На улице похолодало, но до настоящего мороза было еще далеко. Снежинки кружились в воздухе, не зная, должны ли они падать или летать. День так толком и не смог победить ночь, сейчас было темнее, чем когда она проснулась.
Она повернулась. Холод обнял ее сзади.
Халениус говорил в трубку снова, наклонившись вперед.
– Ей удалось собрать один миллион сто тысяч долларов. Именно. 1,1 миллиона.
Снова наступила тишина. Похититель также ждал на другом конце линии.
Потом он начал что-то говорить тонким голоском.

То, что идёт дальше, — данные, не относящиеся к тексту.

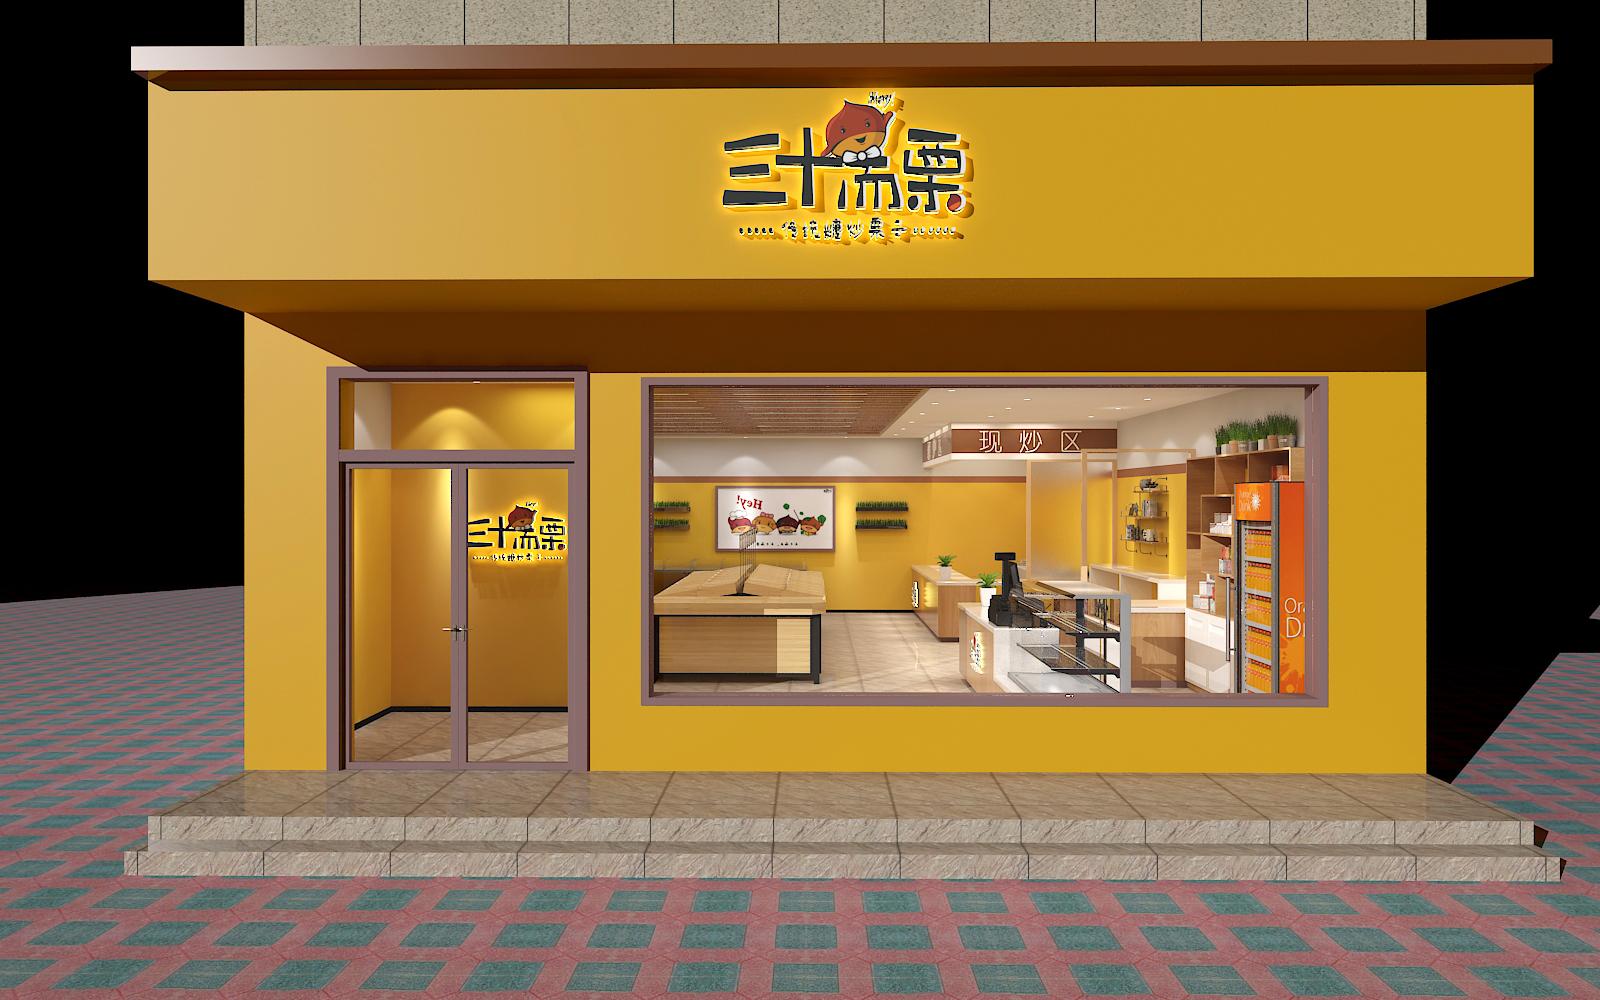 门头设计店面招牌公司饭店酒店学校创意店招门头外立面效果图设计

Халениус ждал с открытым ртом.
– Так не получится, – сказал он. – Стокгольм находится у самого Северного полюса, а Найроби на экваторе… Нет, мы не сможем оставить деньги сегодня. Мы… Нет, мы… Да, мы готовы прилететь в Найроби очень быстро, пожалуй, уже ночью… Номер моего мобильного?

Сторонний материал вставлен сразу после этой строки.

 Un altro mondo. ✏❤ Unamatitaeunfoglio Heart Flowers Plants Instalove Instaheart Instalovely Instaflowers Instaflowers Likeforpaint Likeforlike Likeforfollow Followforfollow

Он назвал свой номер, похититель сказал что-то, и разговор прекратился. Анника услышала щелчок, когда похититель отключился.
– У нас есть двадцать четыре часа, – сообщил Халениус и положил трубку.
✽✽✽
Он усадил Аннику на диване, сам расположился в кресле и взял ее руки в свои.
– Нас ждет нелегкое испытание, – сказал он.
Она кивнула, как будто поняла.
– Он принял мое предложение о миллионе ста тысячах долларов. Но хотел невозможного: чтобы деньги оказались в Найроби через два часа.
– Почему миллион сто тысяч? – спросила она.
– Это показывает, что ты действительно старалась и тебе неоткуда больше взять. Он даст о себе знать в течение дня, я не знаю как, с целью уточнить, как передать деньги.
Анника попыталась притянуть руки к себе, но Халениус поймал их.
– Нам необходимо лететь в Найроби, самое позднее ночью. Организуешь билеты?
Она кивнула снова.
– Сядь со мной, – попросила она.
Он перебрался на диван, но не прикоснулся к ней. Она смотрела вниз на свои джинсы.
– Ты думаешь, он жив?
Халениус почесал голову.
– Судя по всему, да, иначе похитители не прислали бы фотографию. Но с этим парнем ничего не знаешь наверняка. Француженка заплатила, хотя муж был мертв, то есть они обманули ее.
– Что произойдет сейчас?
Он задумался на несколько секунд.
– Ты имеешь в виду, исходя из мирового опыта? Обычно у коммерческих похищений есть шесть вариантов развития событий. Во-первых, заложник умирает еще до выплаты выкупа.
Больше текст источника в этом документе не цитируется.